Thursday, January 8, 2009

Bankruptcy Mortgage Adjustments

Very interesting development late in the day that I would have thought would have been bearish but stocks sort of moved up on it. There seemed to be some momentum gained in the effort to allow bankruptcy judges to alter mortgages in a effort to prevent more housing foreclosures. What does this mean? This article summarizes it.

http://www.cnbc.com/id/28562958

Under the change, bankruptcy courts could alter the terms of mortgages, subject to certain conditions:

1) Only mortgages entered into prior to the date of enactment of the bill would be eligible for the treatment. All loans, and not just subprime, are eligible.

2) Borrowers have to show they made a “good faith” attempt to work with the lender before considering this bankruptcy provision.

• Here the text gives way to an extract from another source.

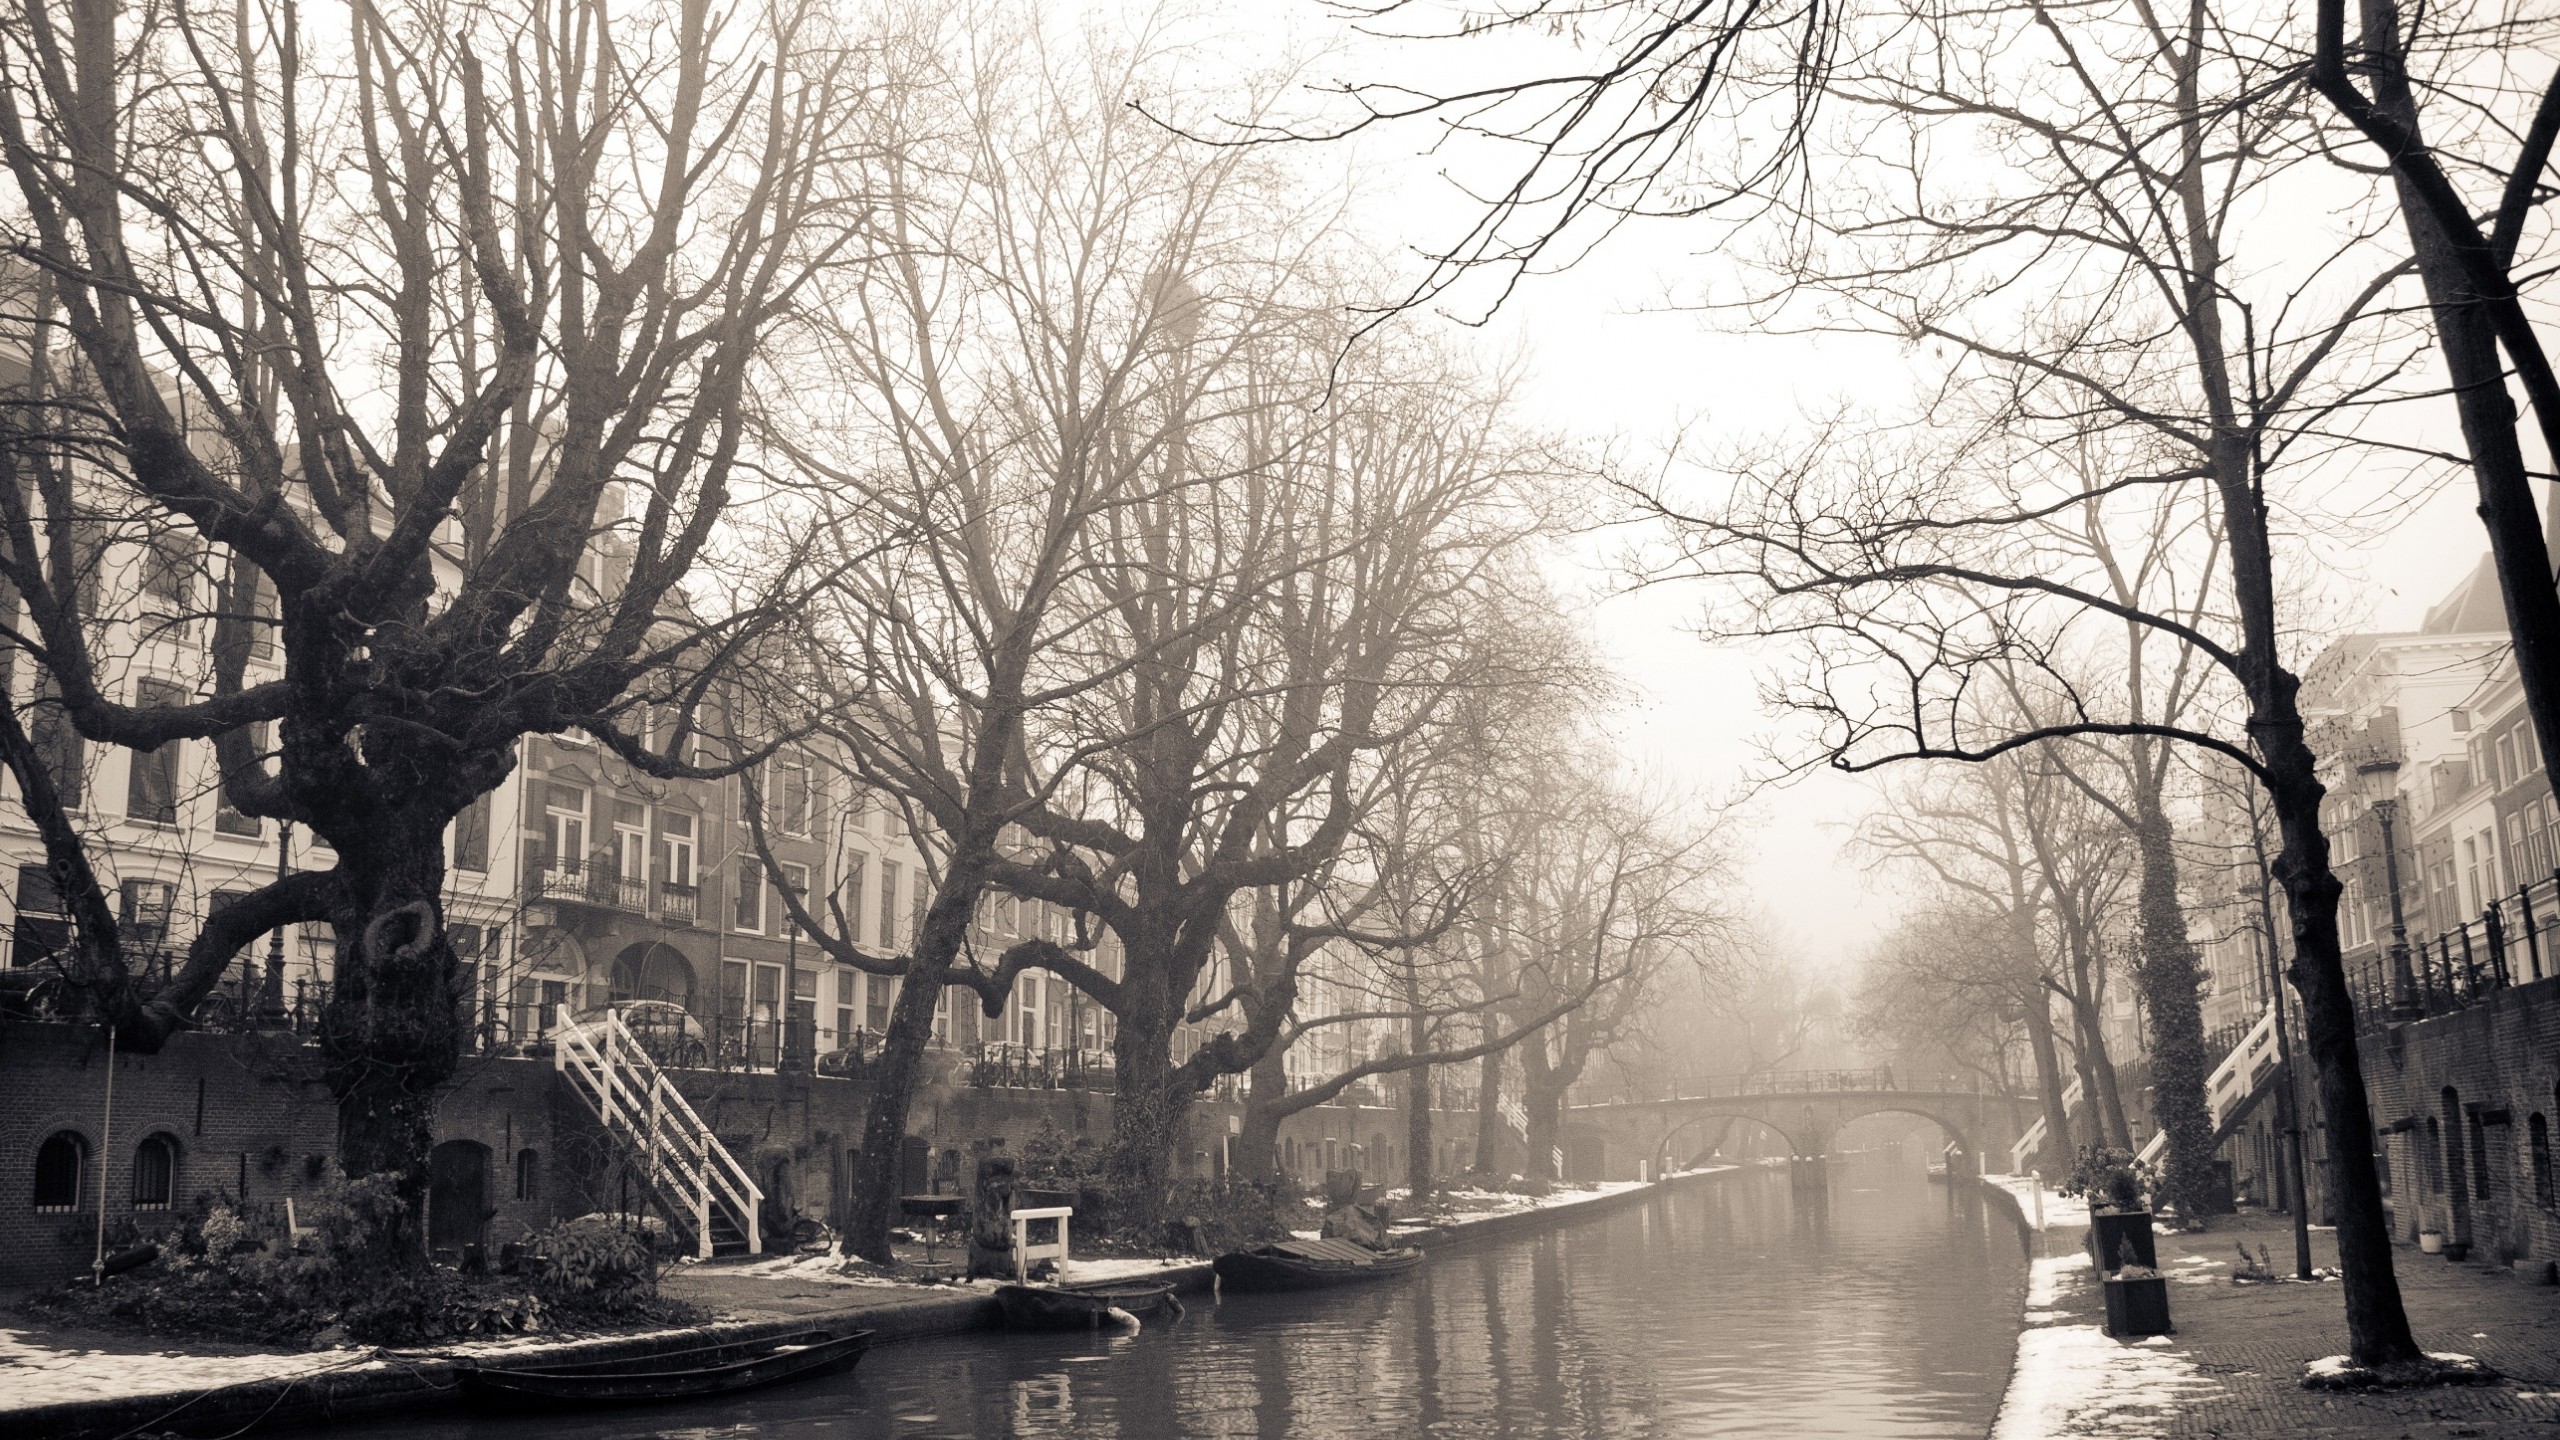 General 2560x1440 Utrecht sepia river snow mist boat urban trees city

Bankruptcy cannot be the first option, and borrowers have to prove it wasn’t.

3) Bankruptcy judges can strip away a lender’s credit or rights if they violated the Truth in Lending Act or other state and federal laws.

Basically under 2005 bankruptcy reform law homeowners could only enter chapter 13 as opposed to chapter 7. This means they could only enter into repayment plans and the value of the mortgage would not come down to the new home price (assuming the home price had dropped below the mortgage) There is no ability to "cram down" the mortgage to the collateral value like there is in all other bankruptcy proceedings. The banks have been ardently against this and for good reason because it means that they could be told their mortgage which was an asset for say 300k is now a new mortgage for 200k (the actual value of the house). You must take an immediate 100k loss. It is interesting that this seems to me to be a total reversal of the governments strategy during this crises. Prolong and disguise. Here you will have things coming to the head quicker and be more obvious of the overall losses. Let me say I am completely for this. This is what we need but I do not think this helps the economy in the short run. I also think provision number 1 is ridiculous. If I understand this correctly it is not for new mortgages made after this law would be passed. One of the greatest benefits of this would be for lenders to make sure they are more informed about the loans they make and the appraisals they receive. If they can get the loan "crammed" down this would cause caution before making a bad loan.

From a financial market perspective I think this is very bearish for financials. The banking lobby group has been fighting this and had it defeated earlier in the year. Today with Citigroup breaking ranks others will most likely follow. The reason Citigroup would break ranks is beyond me except for the fact that the government is a large shareholder and lender at this point and will probably get bigger so Citigroup may not have had a choice (at least a real choice). The equity markets may have got this wrong but the debt markets didn't. Across the board the tranches of the ABX index took it on the head today.

http://www.markit.com/information/products/category/indices/abx.html

For those more interested on the process and how it works I highly recommend the late Tanta's piece from calculated risk. I pride myself on trying to figure out what is important and what is just noise. I may be wrong and it depends how it plays out and how it gets watered down but this may be very important.